The allocator provides an array of Allocation values, one per Operand. Each Allocation has a kind and an index. The kind may indicate that this is a physical register or a stack slot, and the index gives the respective register or slot. All allocations will conform to the constraints given, and will faithfully preserve the dataflow of the input program.

Inserted Moves

In order to implement the necessary movement of data between allocations, the allocator needs to insert moves at various program points.

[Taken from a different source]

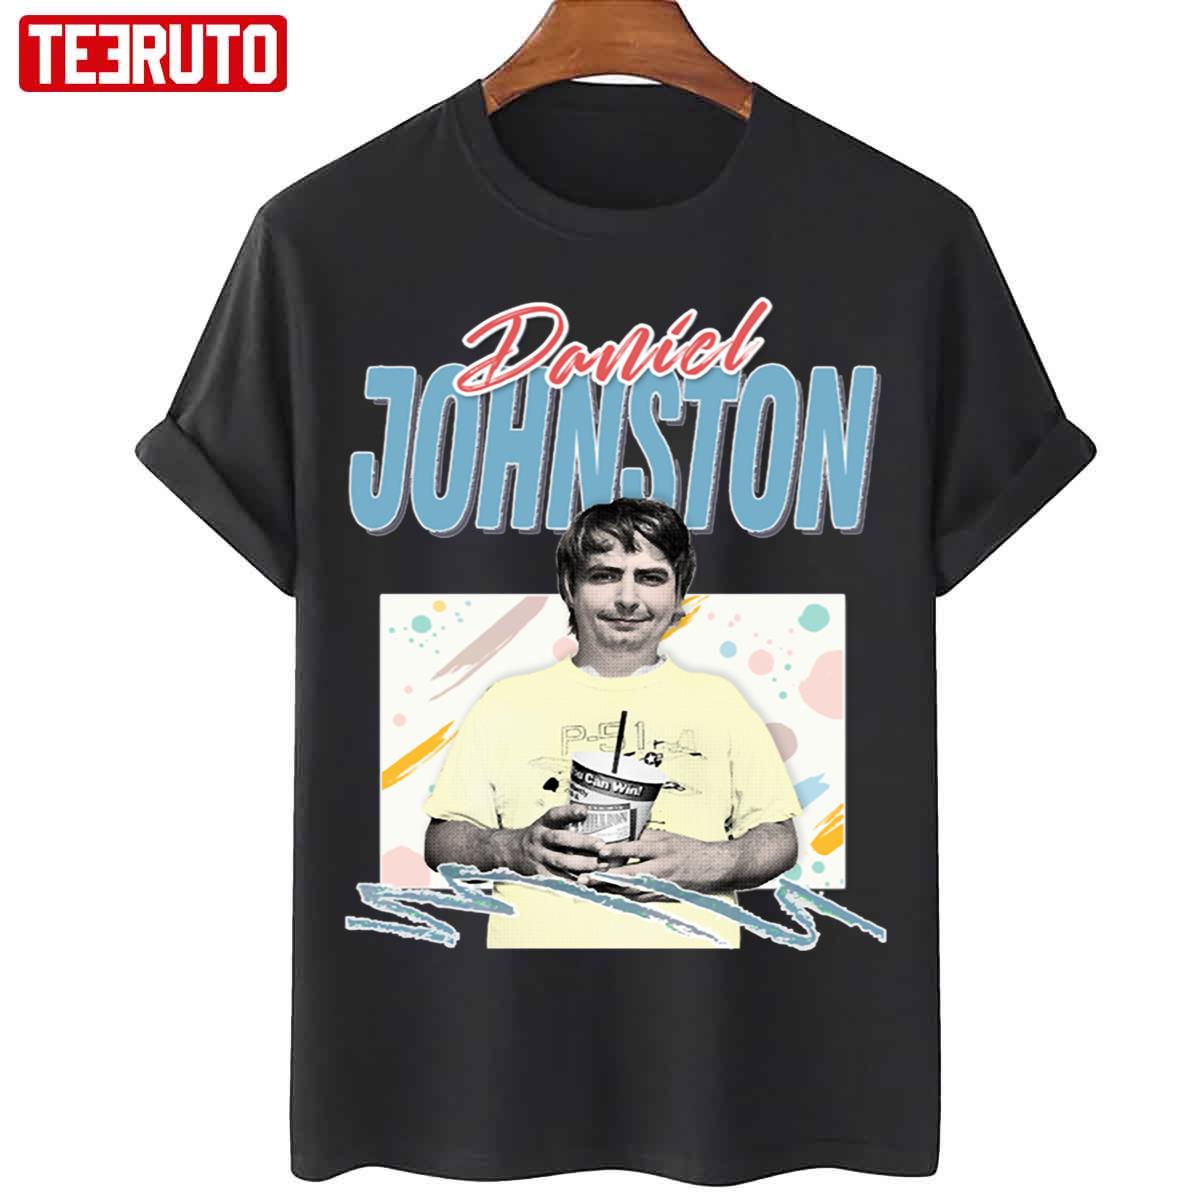 9Os Style Aesthetic Daniel Johnston Design Unisex T Shirt
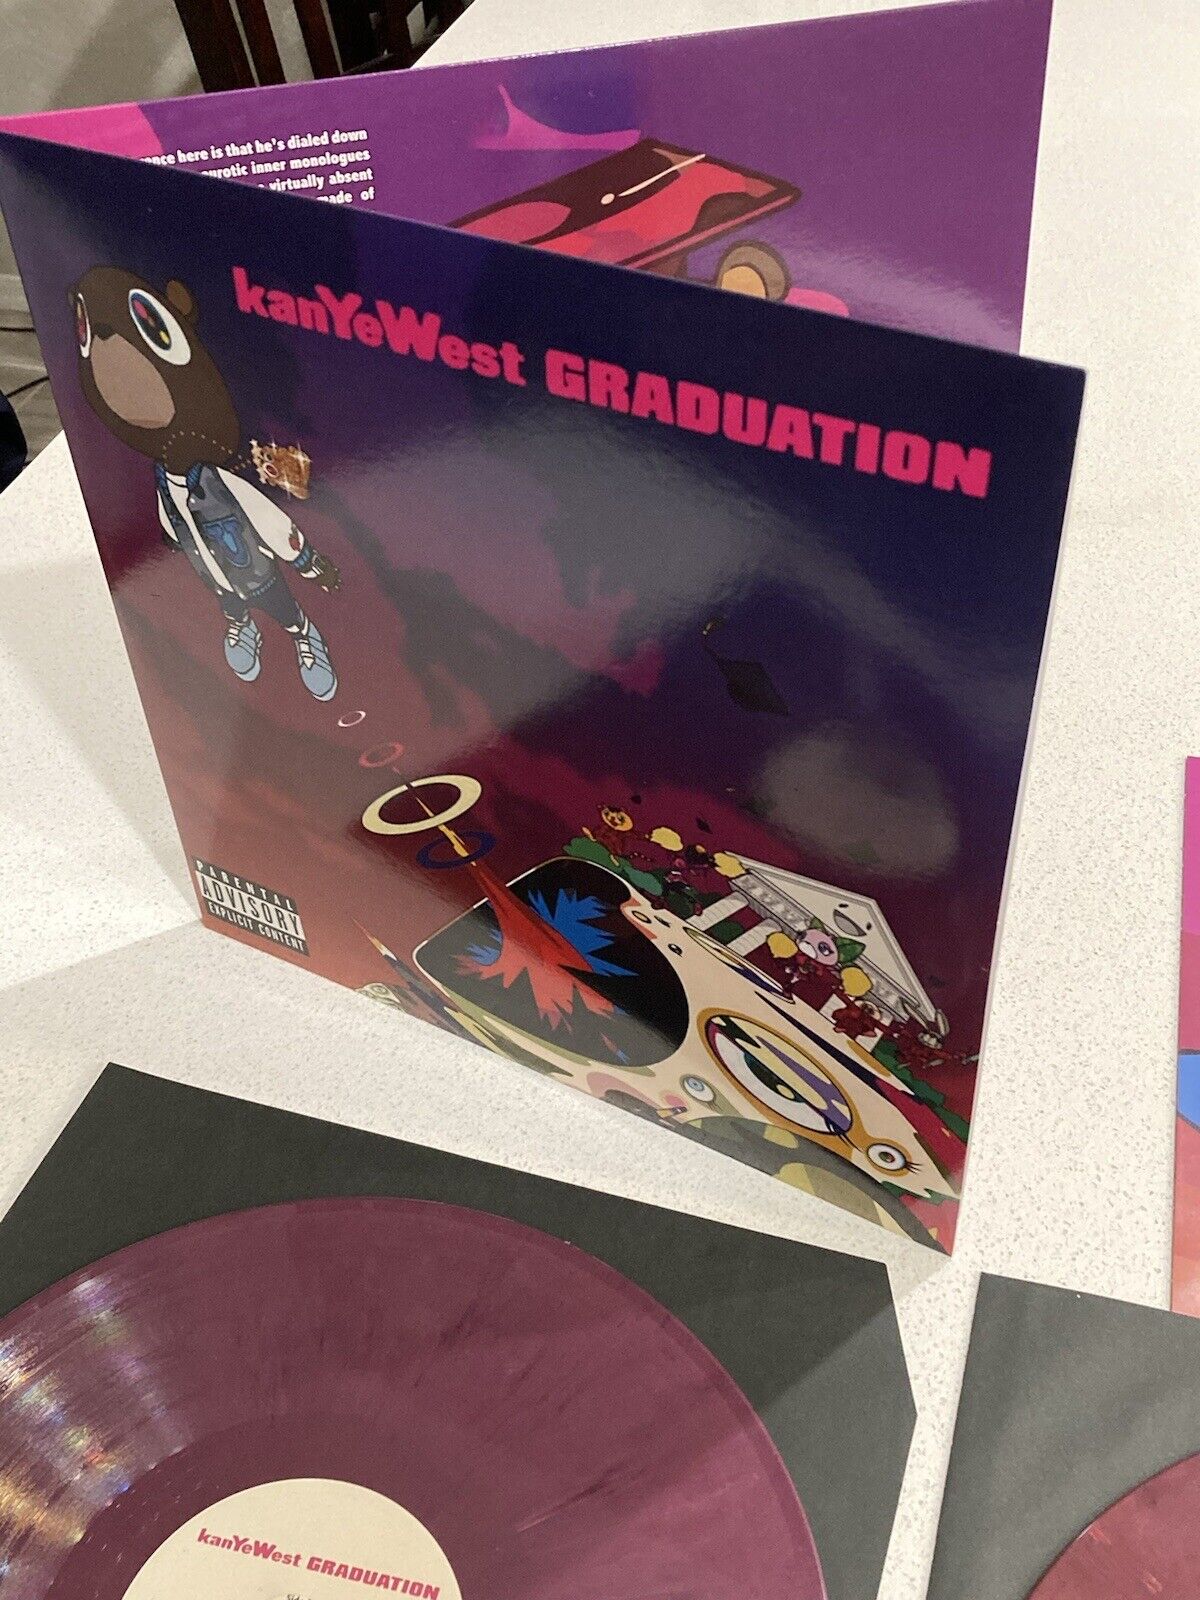 Kanye West graduation - New and Sealed - Gate fold album 🔥🔥🔥

The vector of inserted moves contains tuples that name a program point and an "edit". The edit is either a move, from one Allocation to another, or else a kind of metadata used by the checker to know which VReg is live in a given allocation at any particular time. The latter sort of edit can be ignored by a backend that is just interested in generating machine code.

Note that the allocator will never generate a move from one stackslot directly to another, by design. Instead, if it needs to do so, it will make use of the scratch register. (Sometimes such a move occurs when the scratch register is already holding a value, e.g. to resolve a cycle of moves; in this case, it will allocate another spillslot and spill the original scratch value around the move.)

Thus, the single "edit" type can become either a register-to-register move, a load from a stackslot into a register, or a store from a register into a stackslot.